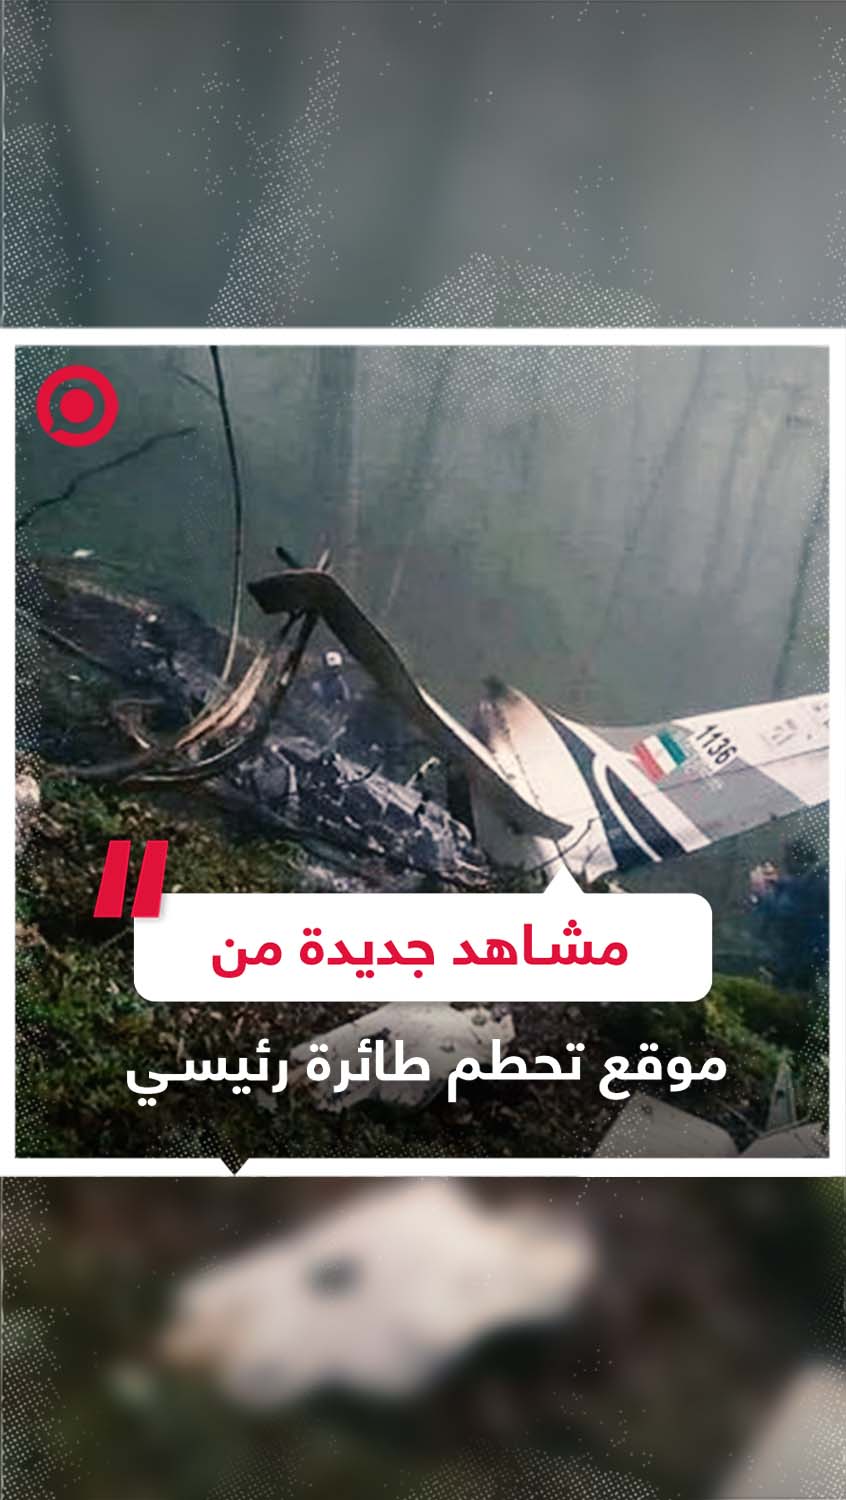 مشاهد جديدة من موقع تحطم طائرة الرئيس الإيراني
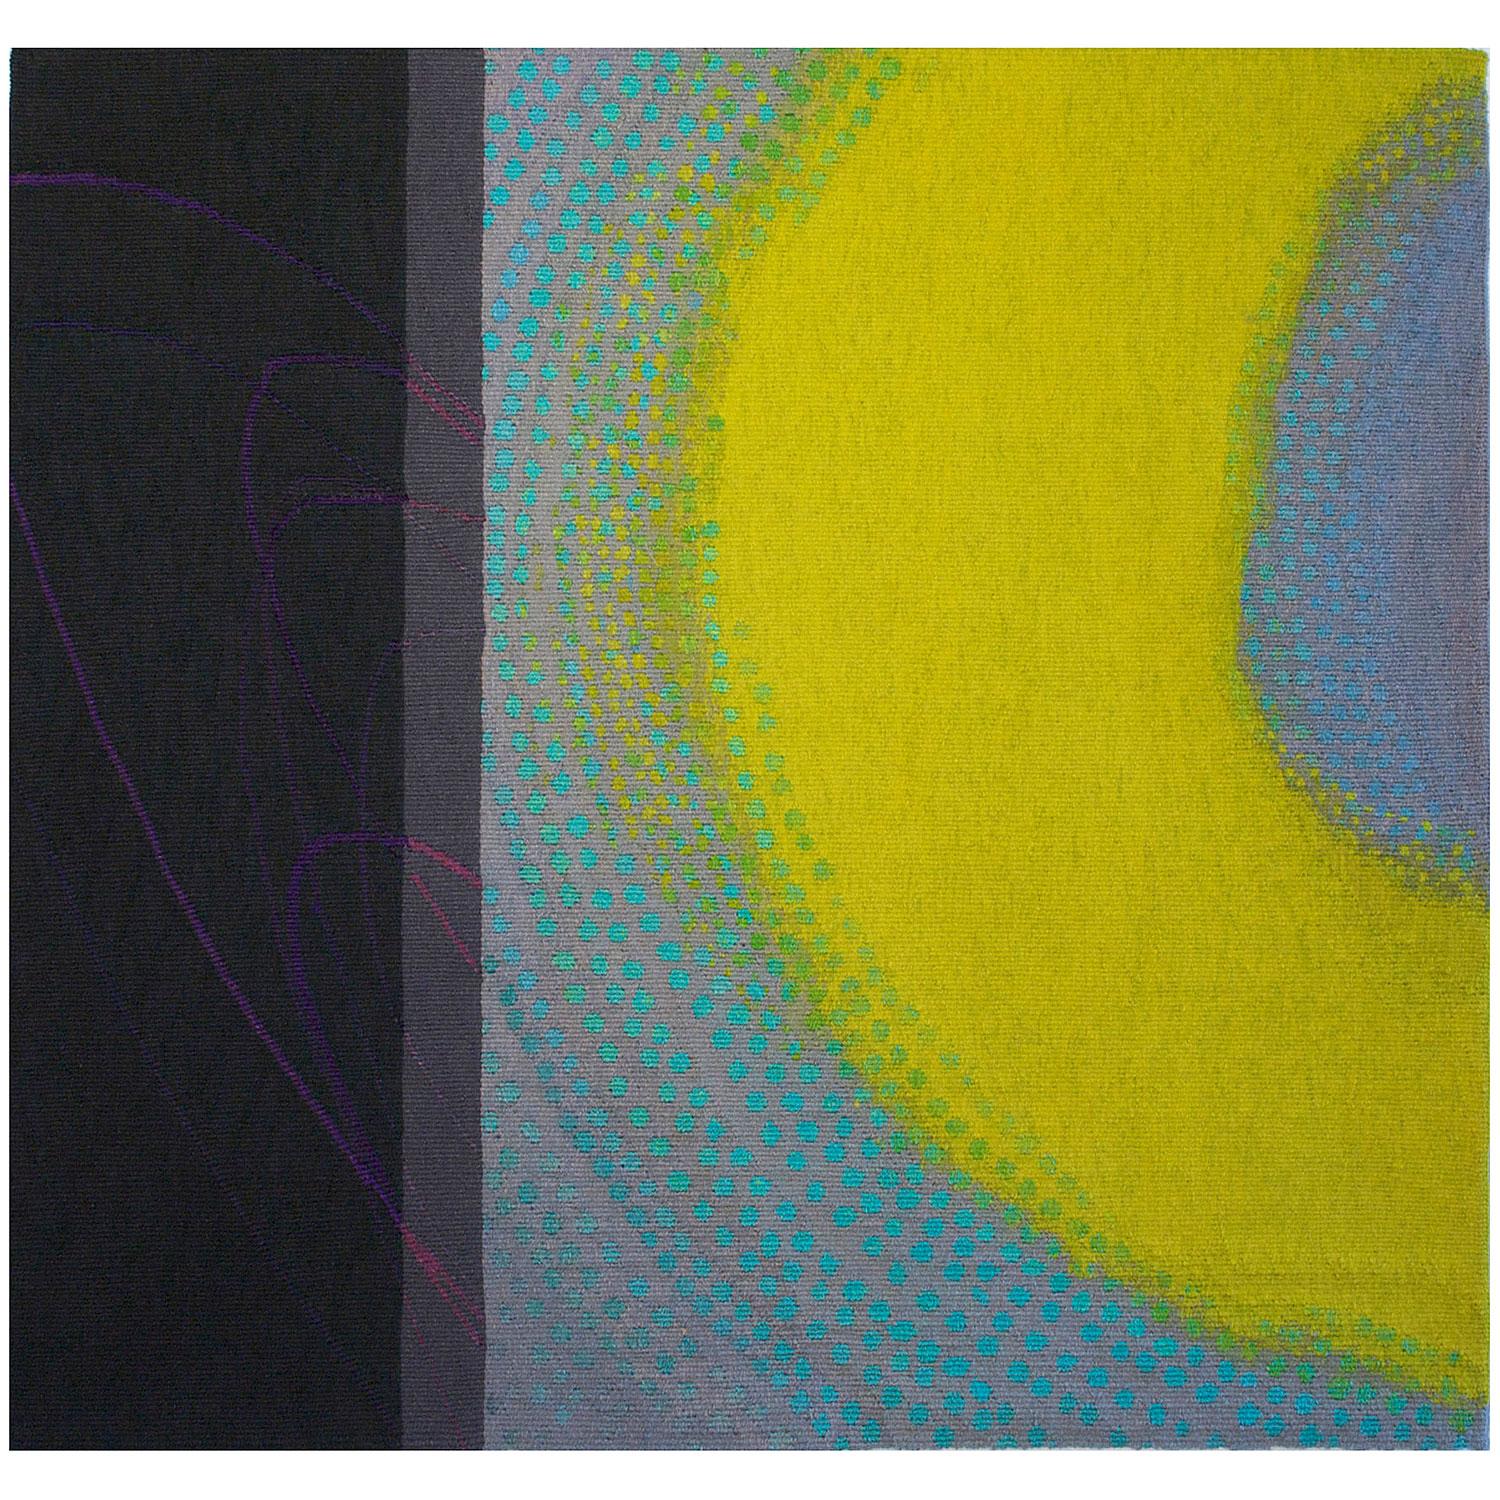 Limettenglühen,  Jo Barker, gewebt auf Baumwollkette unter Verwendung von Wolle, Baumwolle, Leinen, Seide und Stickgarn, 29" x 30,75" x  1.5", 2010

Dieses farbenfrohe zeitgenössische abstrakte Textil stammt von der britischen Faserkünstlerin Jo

==

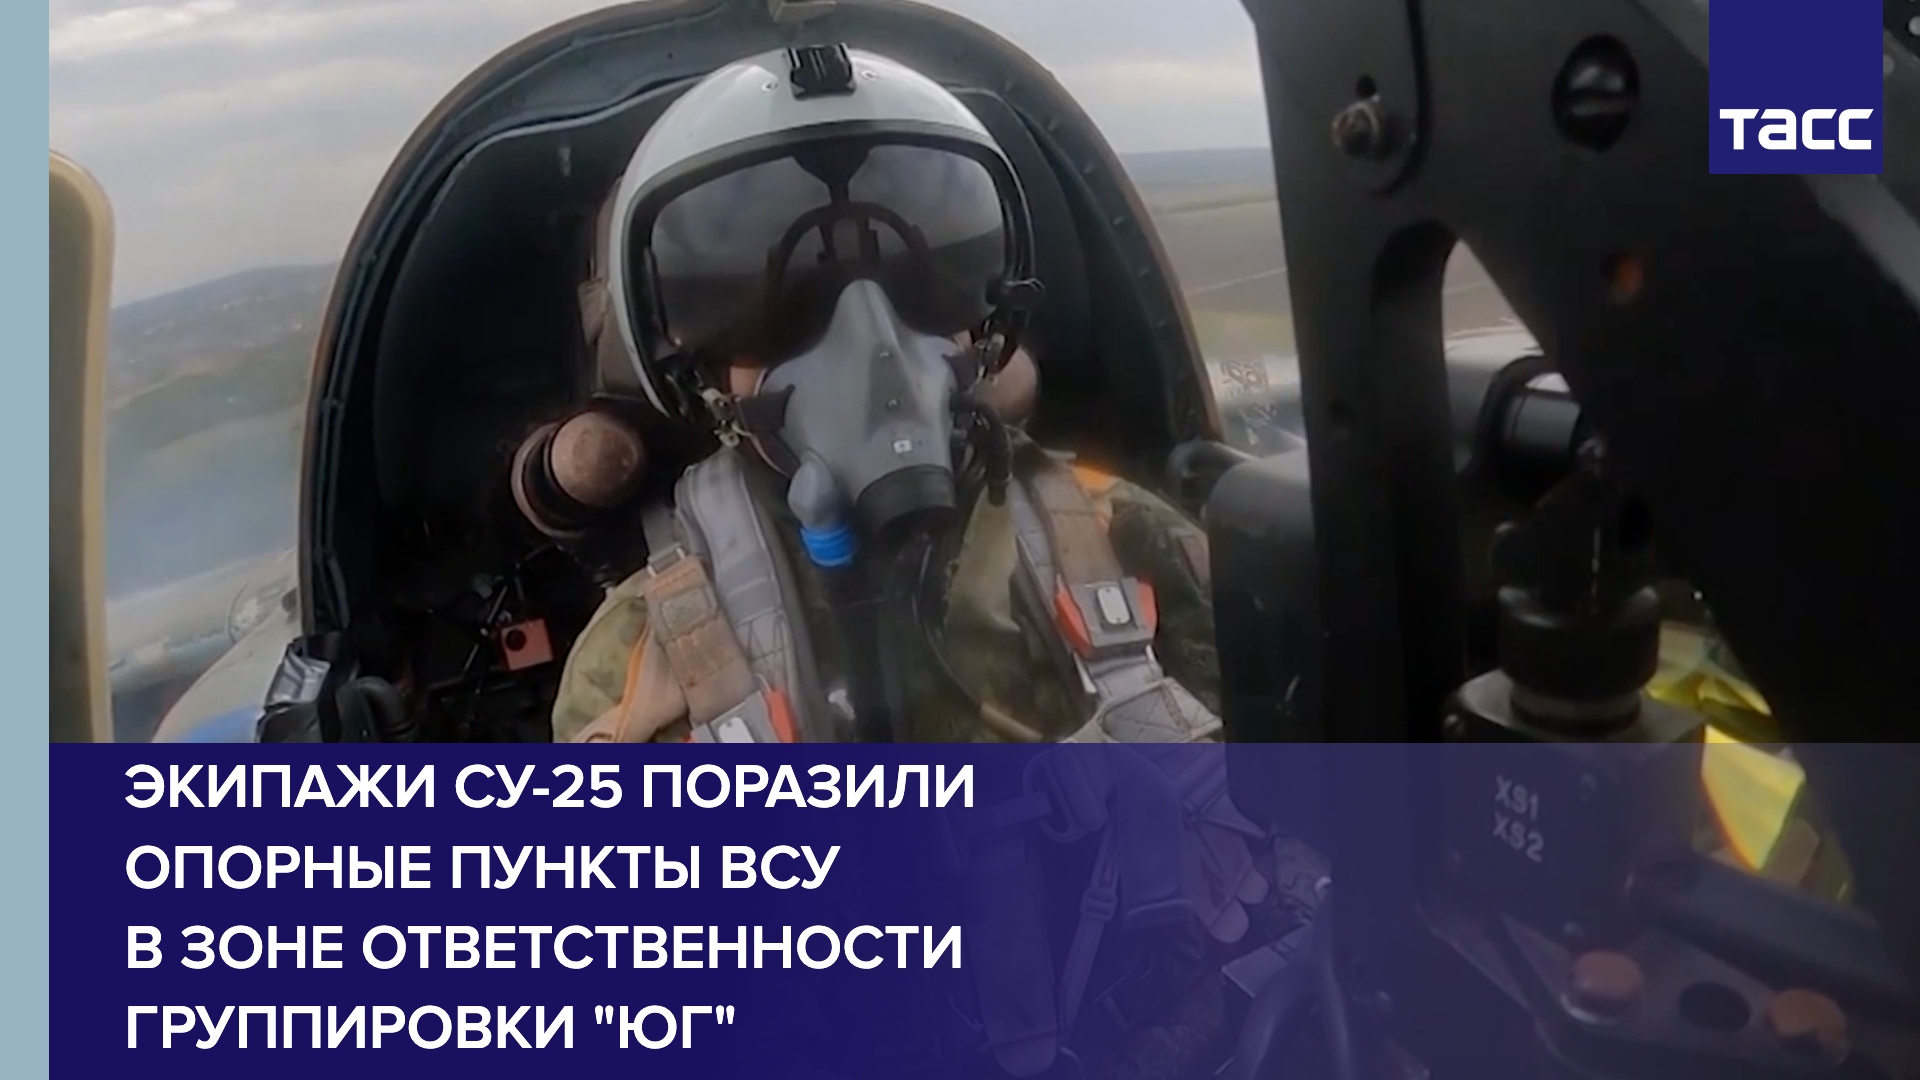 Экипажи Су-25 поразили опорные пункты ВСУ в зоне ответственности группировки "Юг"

EXERCISE AIM
Your answer should consist of the lines above between those holding "مشاهد جديدة من" and "Dieses farbenfrohe zeitgenössische", inclusive, reproduced word for word and without pictures.

TASK RESPONSE
 مشاهد جديدة من موقع تحطم طائرة الرئيس الإيراني
 Limettenglühen,  Jo Barker, gewebt auf Baumwollkette unter Verwendung von Wolle, Baumwolle, Leinen, Seide und Stickgarn, 29" x 30,75" x  1.5", 2010

Dieses farbenfrohe zeitgenössische abstrakte Textil stammt von der britischen Faserkünstlerin Jo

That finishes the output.